1. Use a small halogen lamp to illuminate the glass bed of your scanner at a sharp angle. This will highlight all the particles adhering to the bed before you even start. Make sure to check the lid glass as well. Canned air will get rid of most of the dust. A microfiber cloth, PEC pad or anti-static brush can be used to remove the rest.

2. After using the canned air to dislodge loose dust from my film, I place it on a PecPad and clean the top surface of the transparency with another PECPAD folded in the shape of a teabag and moistened with PEC-12 film cleaning fluid, making sure to draw the pad completely off the film edge so the dust goes with it.

3. I don't use film holders, instead wet mount my transparencies. Fluid, plex, fluid, film, optical mylar (AZTEK) and a layer of diffuse Mylar (art supply). The thickness of plex I use for my scans was determined after testing much like you did with your holders.

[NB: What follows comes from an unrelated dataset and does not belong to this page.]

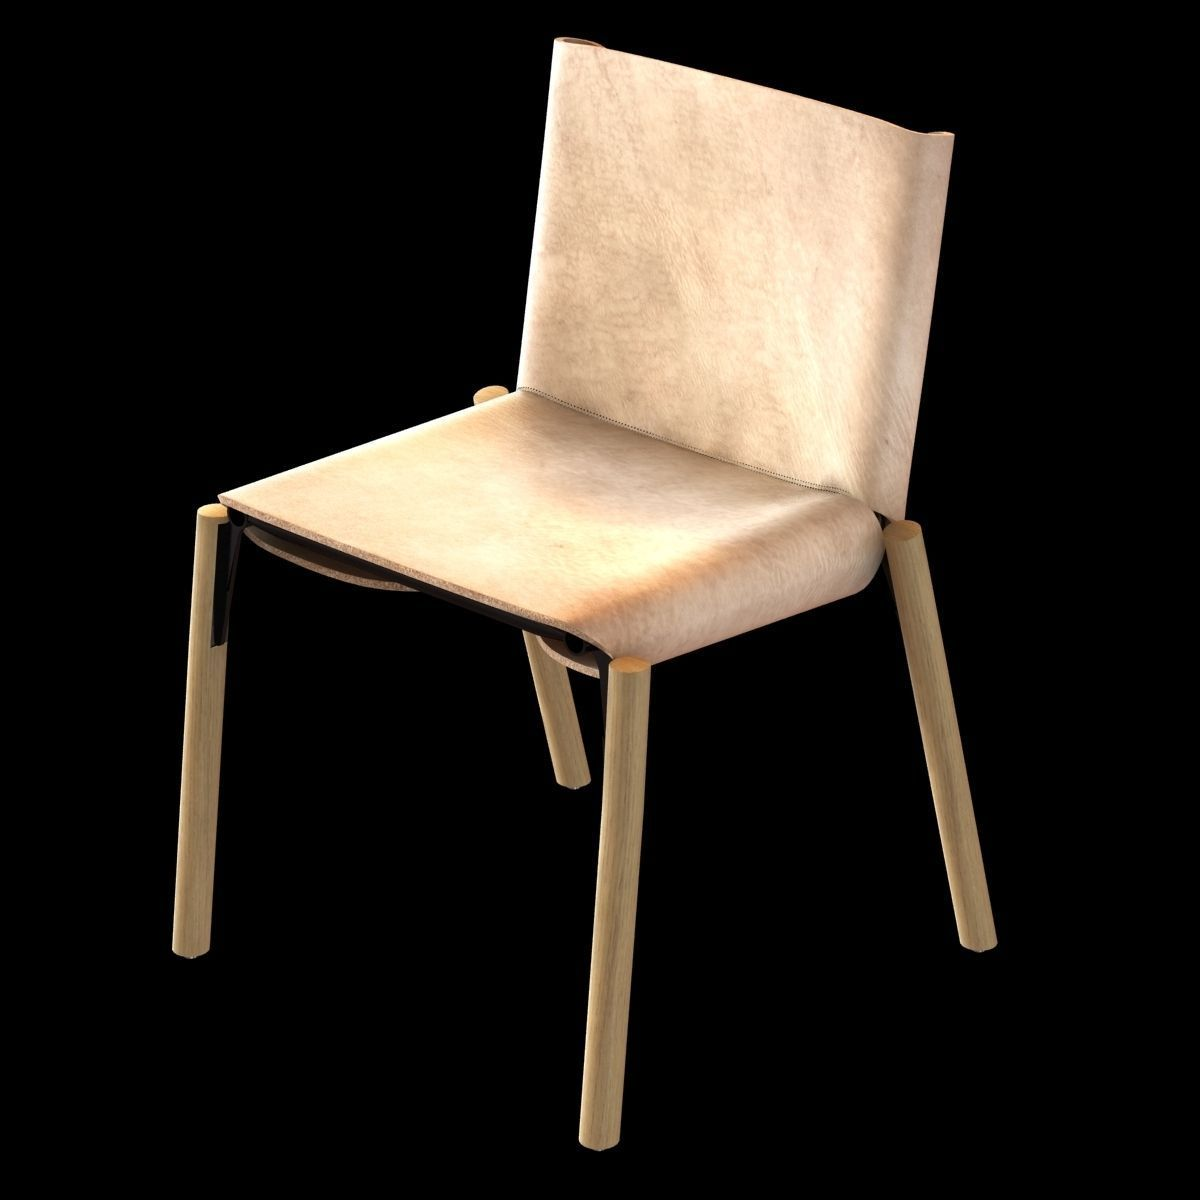 kristalia 1085 edition hide leather chair 3d model max obj mtl 3ds fbx  unitypackage prefab ...

I, for sure, don't use the EPSON holders, having already determined the advantages of wet mounting. The film doesn't lay flat and I used to get Newton rings with the EPSON holders.

4. I scan in 48 bit color, NO sharpening. I use the EPSONscan software, but intervene by setting the black point to "0" and I do test scans to accurately determine the true white point, which I give five or so additional units of brightness for good measure. I set the gamma to 2.0.

5. I scan at the highest claimed optical resolution of the scanner (4800spi for the 4870). This means a 1gb raw scan for a 4x5, so your computer would need to be able to deal with large files initially. The scan itself will appear high-key, washed out, but there will be information in the shadows.

6. I use the Layer Transfer Method to work on my files, which means I downsize the resulting raw scan to 8x10 at 360dpi and save it as a discreet file that will be my working file. The black point will need to be properly set in the file as part of the editing process. But, by bringing the shadow values down, rather than trying to open them up, there is no noise in the shadows.

7. I use non-destructive digital editing methods to refine the file.

8. I save the working file in its unflattened state.

9. I upsize the unflattened image to its output size and open the original scan, which I resize to the exact dimensions as the working file, copy and paste it into the unflattened working file. Throw away the background layer and flatten the file with its high res information.

10. I sharpen carefully, sometimes with selective sharpening, sometimes sharpen only edges, sometimes unsharp mask.

Every step of the way, I do my utmost to preserve the data in its highest quality, and the results go well beyond what some seem to feel is the limit for this machine. I do think the newer scanners do a better job than the 4870, as does the new version of Epsonscan software that came with my V750.

One issue that seems to come up again and again in these discussions is how much information is necessary to make a quality print. There does seem to be a strong feeling in the B&W community that grain is a desirable thing to have in a print. In my own work, which is almost entirely color transparency, I'd like the scanner to resolve the grain, but I don't want it to show up in my prints, especially continuous tone areas of sky and water.

But, the bottom line is, if your machine doesn't meet your expectations after all that work, then you'll need to consider having your work scanned with a drum scanner.

Good luck.

Clement Apffel
25-Mar-2009, 02:37
Thanks for the answers.
Nothing new apart from the dish of water on heater trick. I'll try that.
And Keith's way of working scan files. Very interesting.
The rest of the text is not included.